+++ DATA PROVIDED

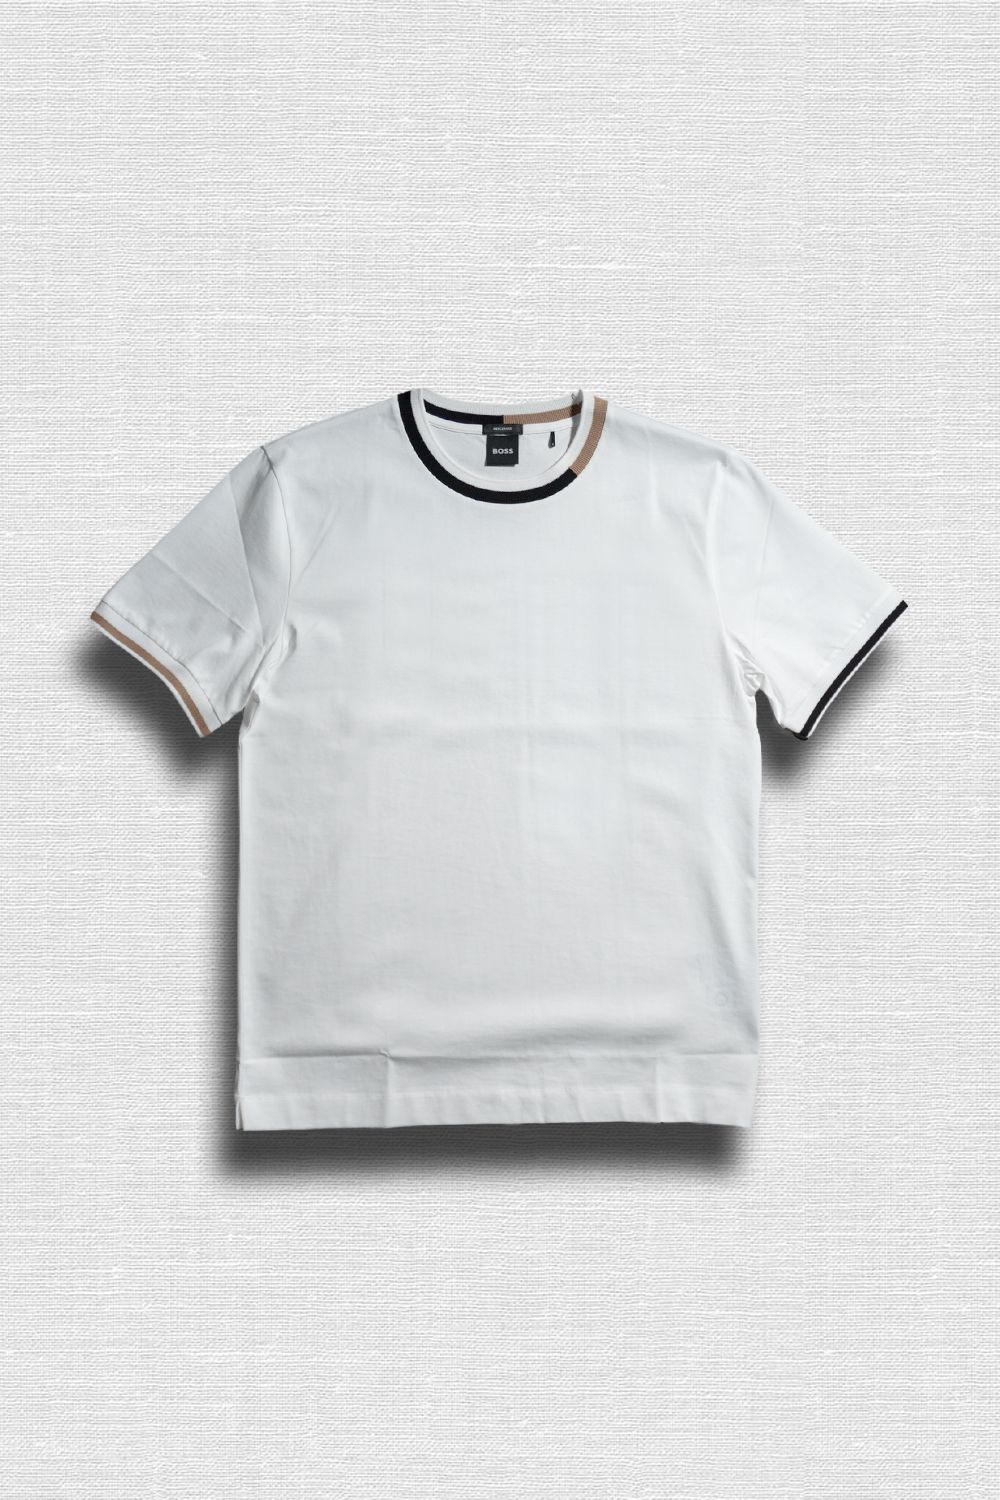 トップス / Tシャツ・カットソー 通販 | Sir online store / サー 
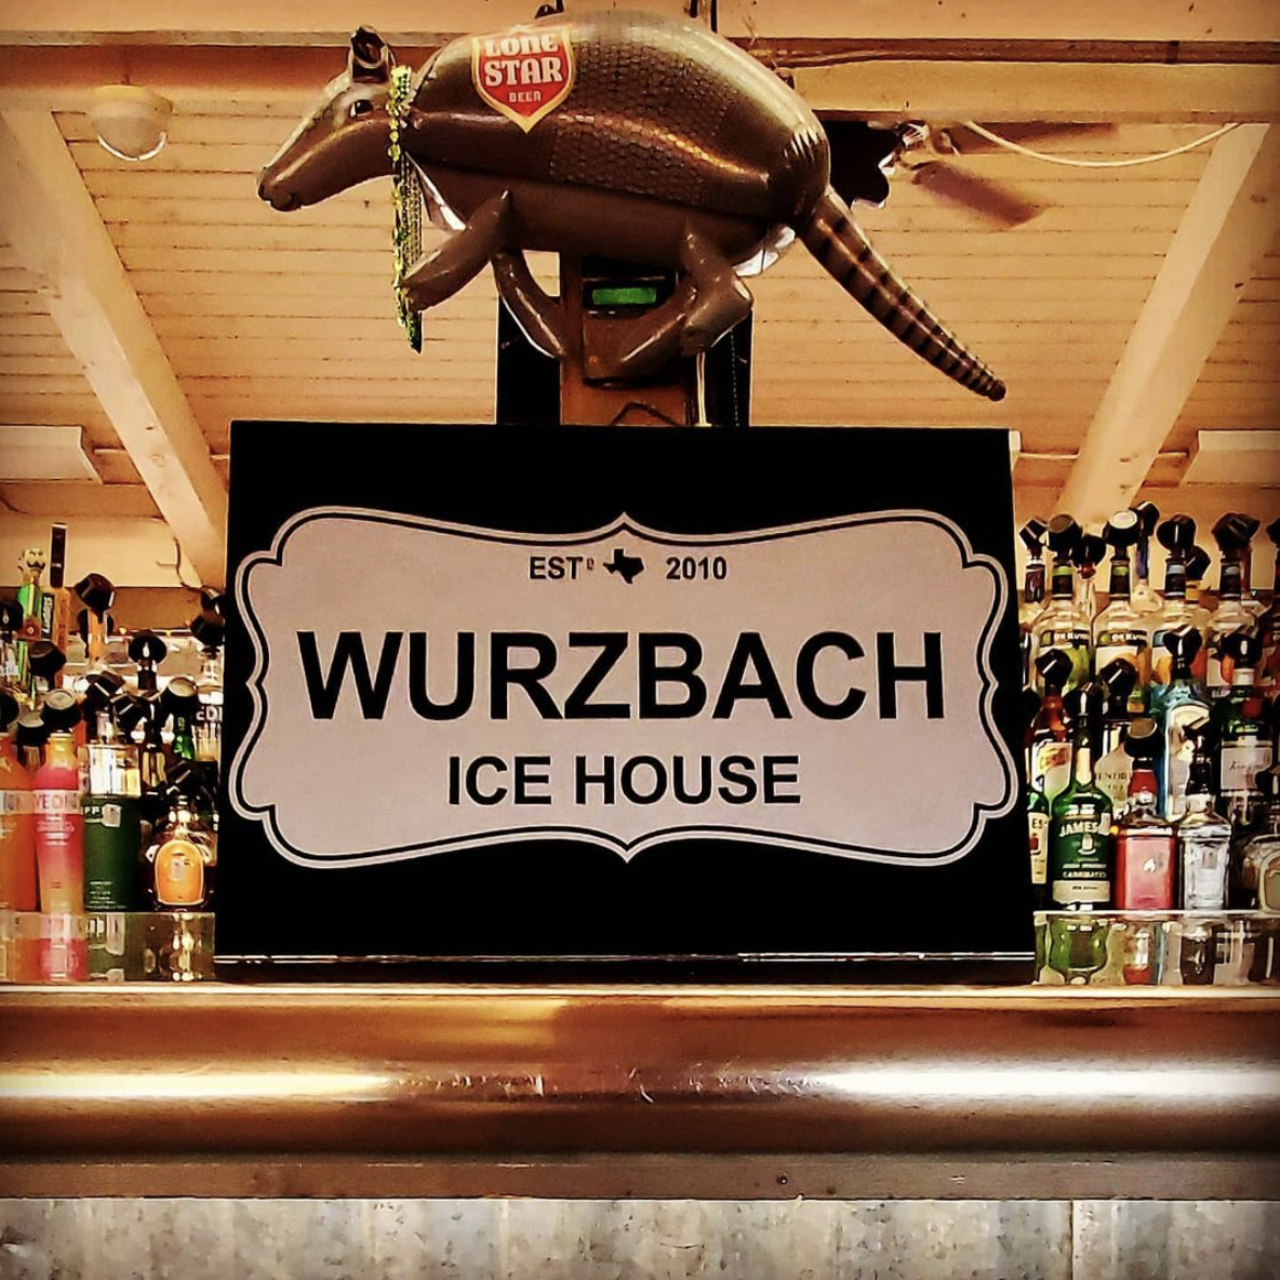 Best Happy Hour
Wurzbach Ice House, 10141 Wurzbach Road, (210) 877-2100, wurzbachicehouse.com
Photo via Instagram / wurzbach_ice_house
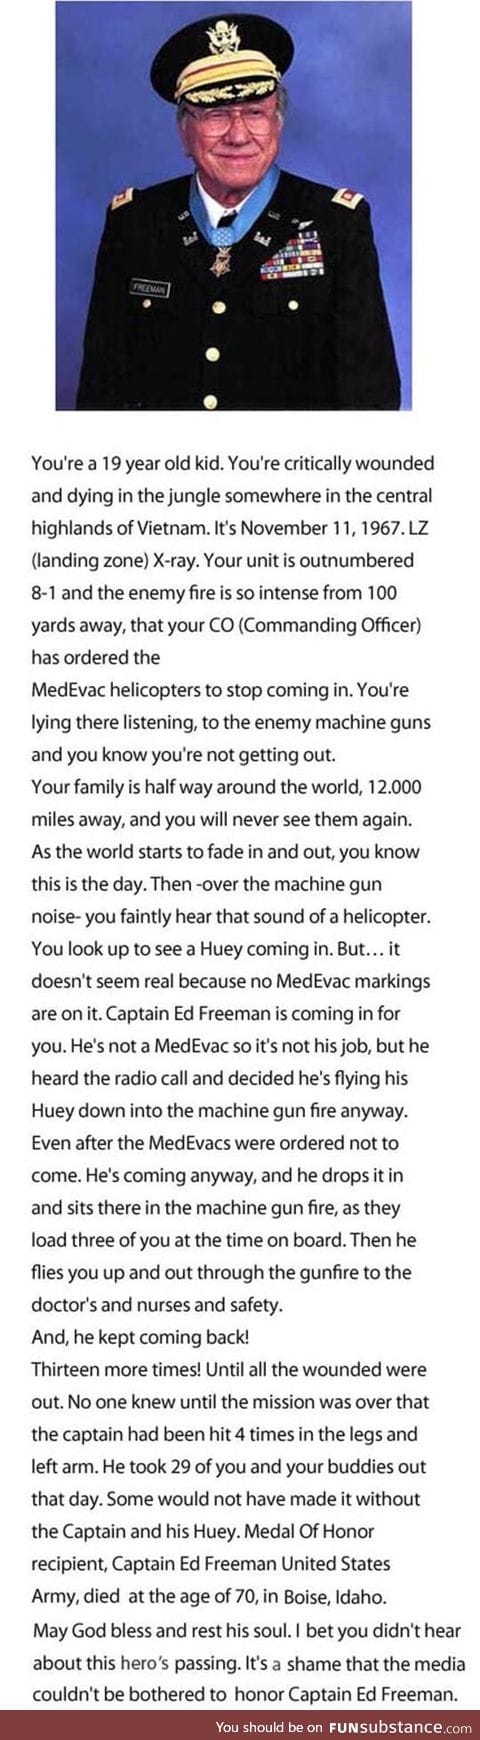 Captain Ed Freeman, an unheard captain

++++++

* [WORK REQUEST]
The entries above should be retyped exactly, minus any pictures.

* [SOLUTION BELOW]
 トップス / Tシャツ・カットソー 通販 | Sir online store / サー 
 Best Happy Hour
Wurzbach Ice House, 10141 Wurzbach Road, (210) 877-2100, wurzbachicehouse.com
Photo via Instagram / wurzbach_ice_house
 Captain Ed Freeman, an unheard captain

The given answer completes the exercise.